Record extracts below:

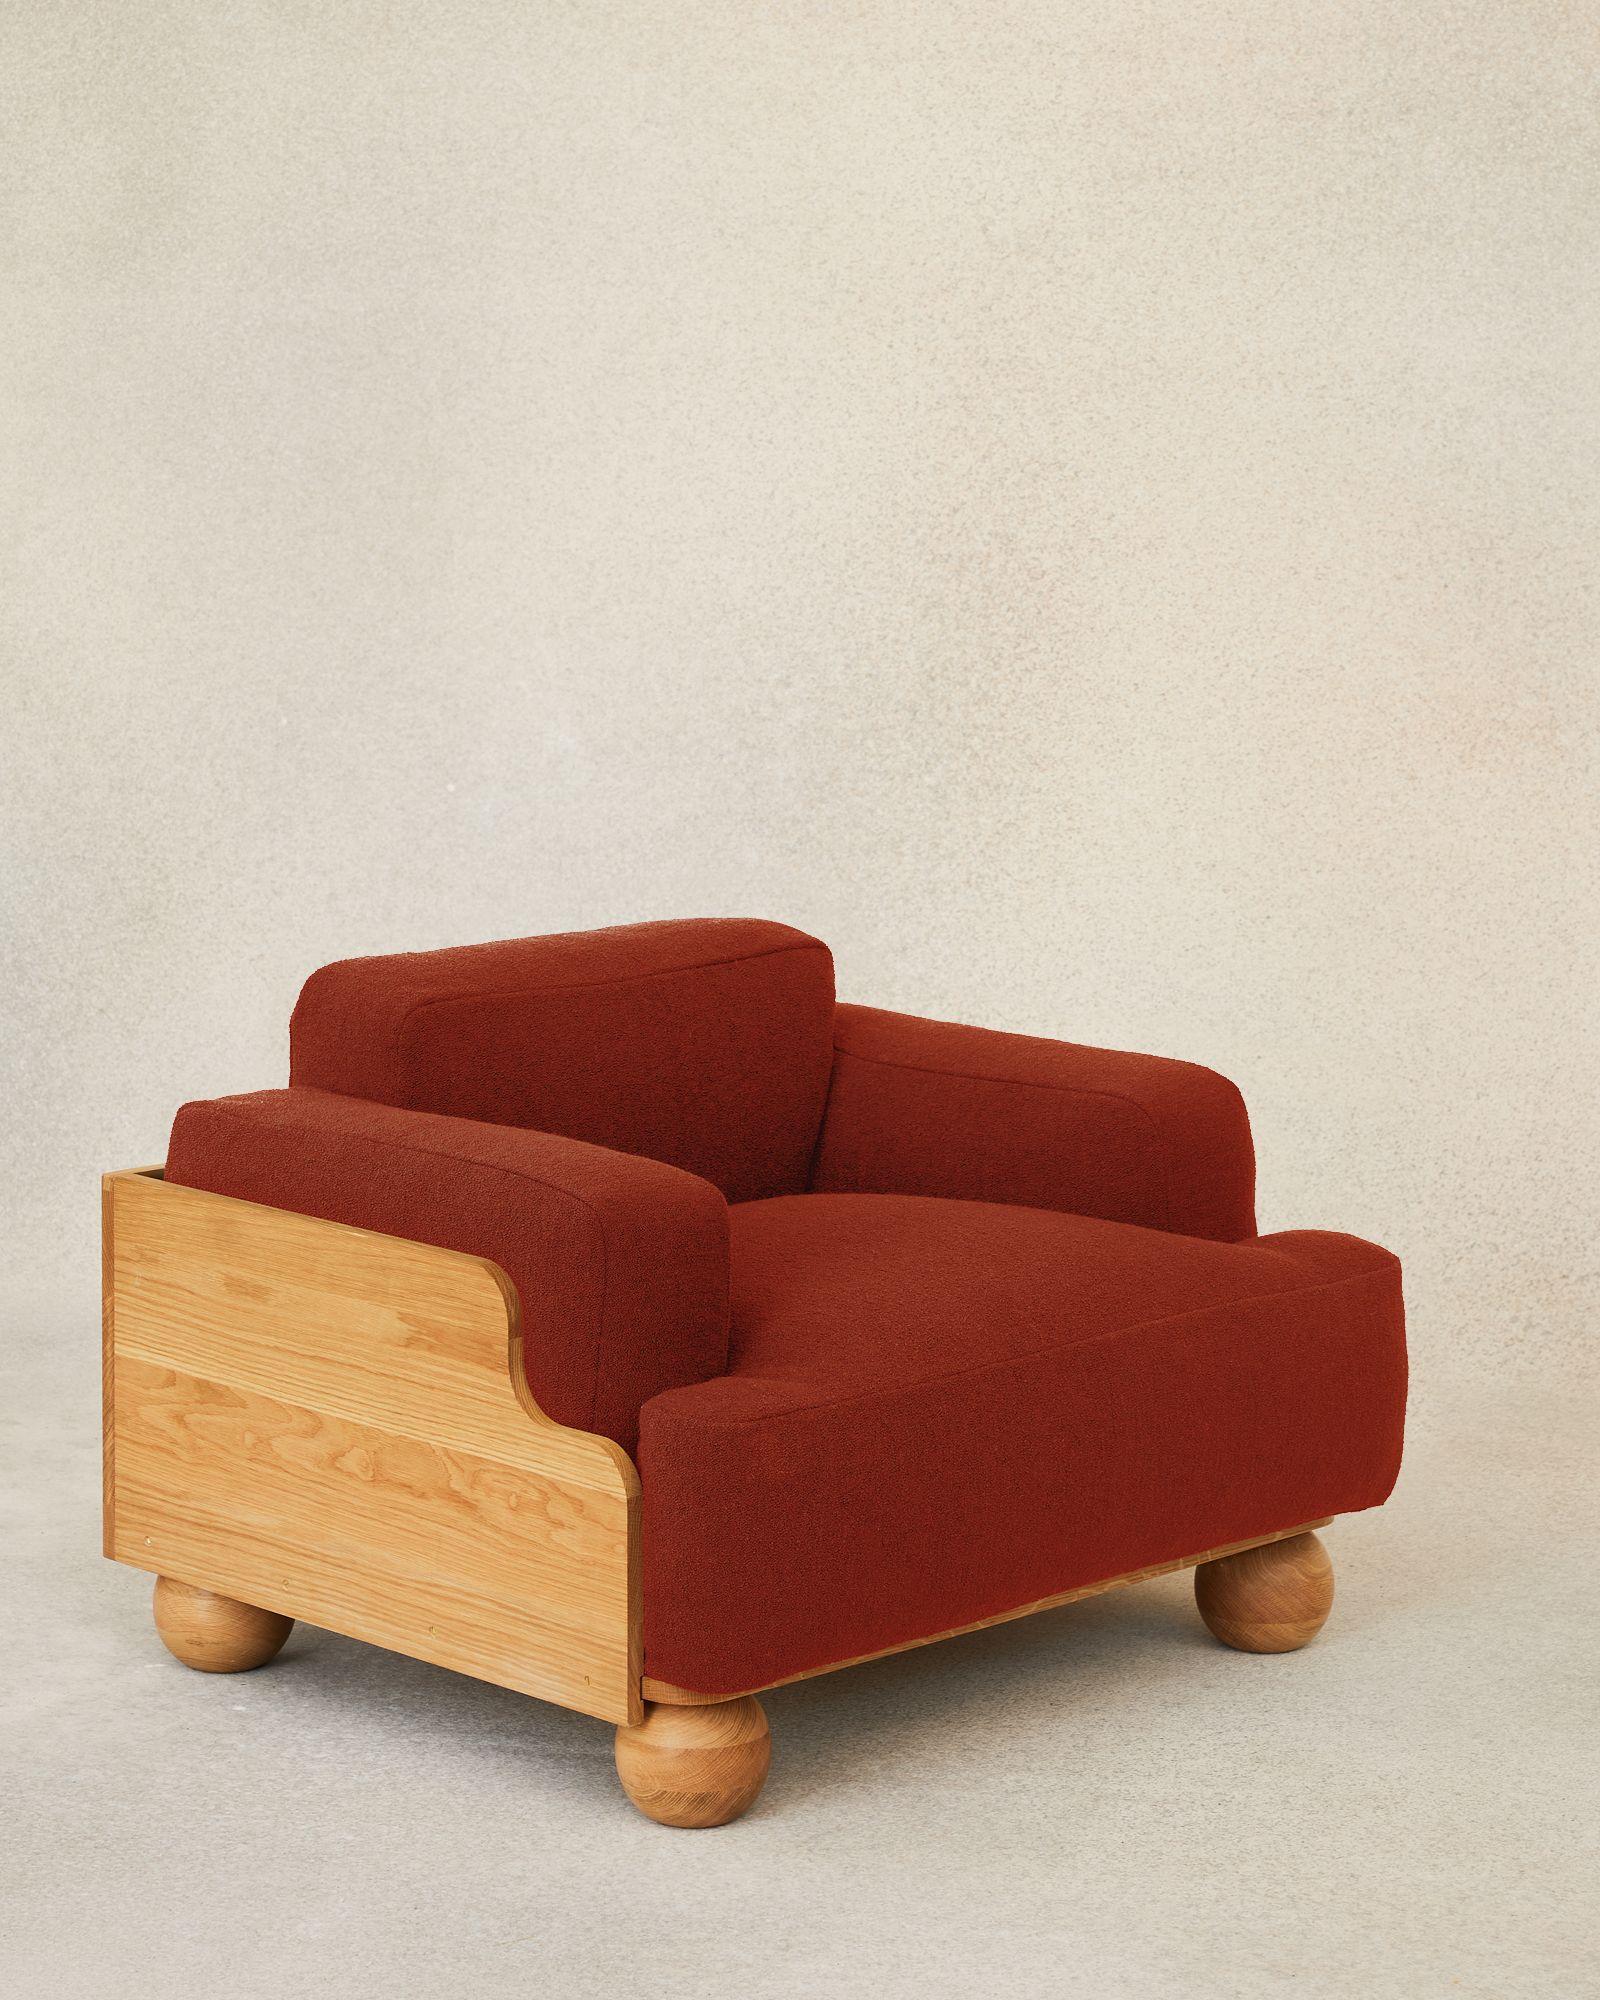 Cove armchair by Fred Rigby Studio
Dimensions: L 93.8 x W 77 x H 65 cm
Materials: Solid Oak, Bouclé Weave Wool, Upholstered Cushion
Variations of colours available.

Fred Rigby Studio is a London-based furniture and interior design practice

End of Record extracts.
Record extracts below:

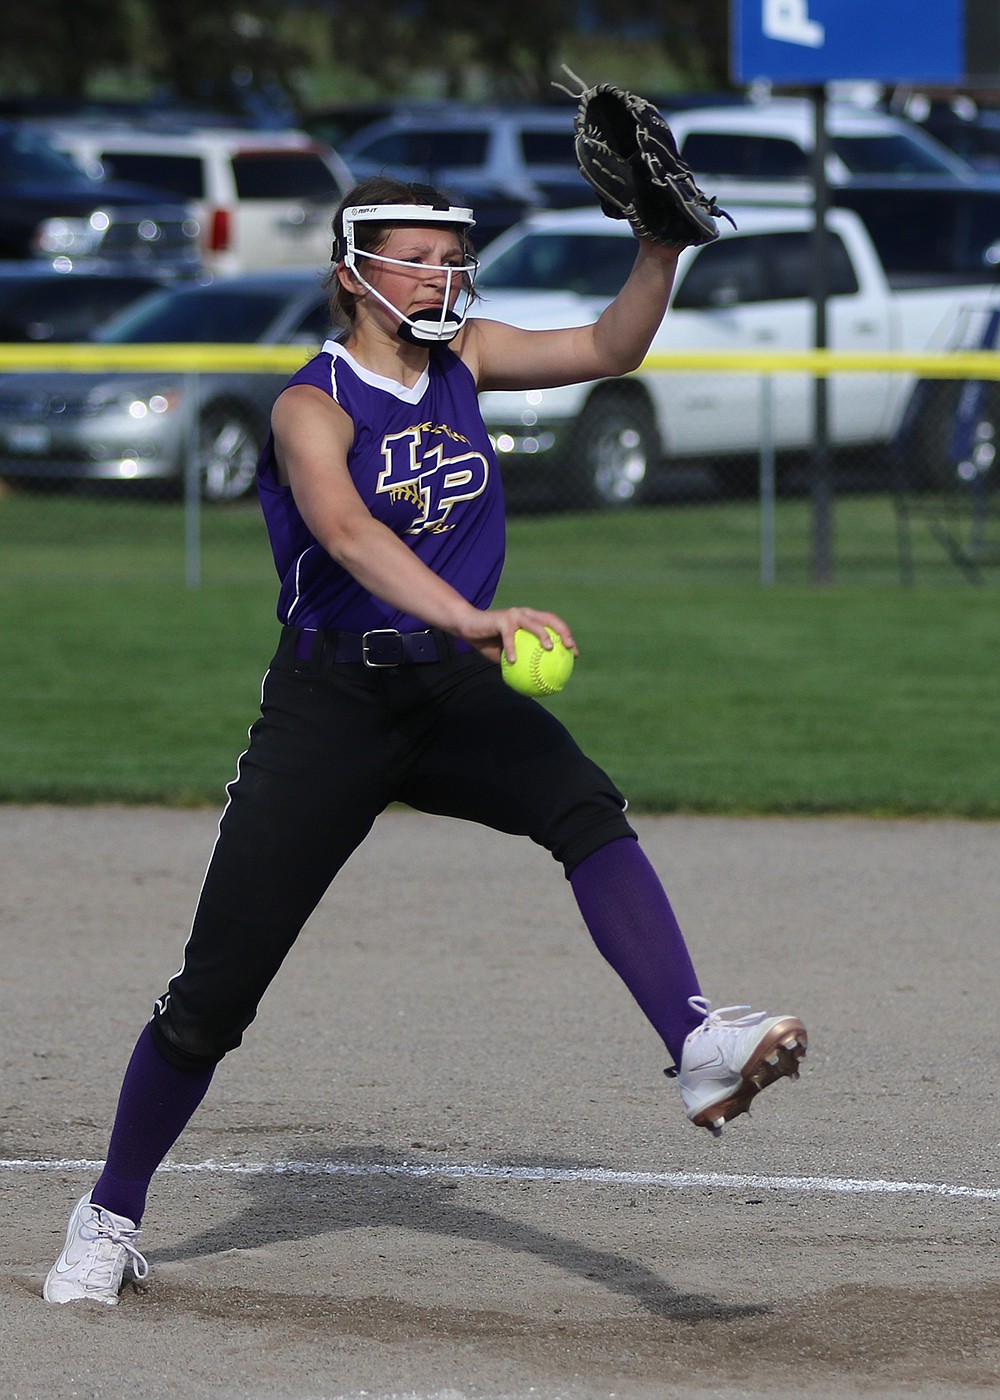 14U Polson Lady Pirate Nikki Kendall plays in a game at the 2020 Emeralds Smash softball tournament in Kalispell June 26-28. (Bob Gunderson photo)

End of Record extracts.

**Instructions for the task:**
Among the records above, extract exactly the lines from the line with "Materials: Solid Oak, Bouclé" to the line with "Fred Rigby Studio is", both lines included, and leave out the rest.

**Solution:**
Materials: Solid Oak, Bouclé Weave Wool, Upholstered Cushion
Variations of colours available.

Fred Rigby Studio is a London-based furniture and interior design practice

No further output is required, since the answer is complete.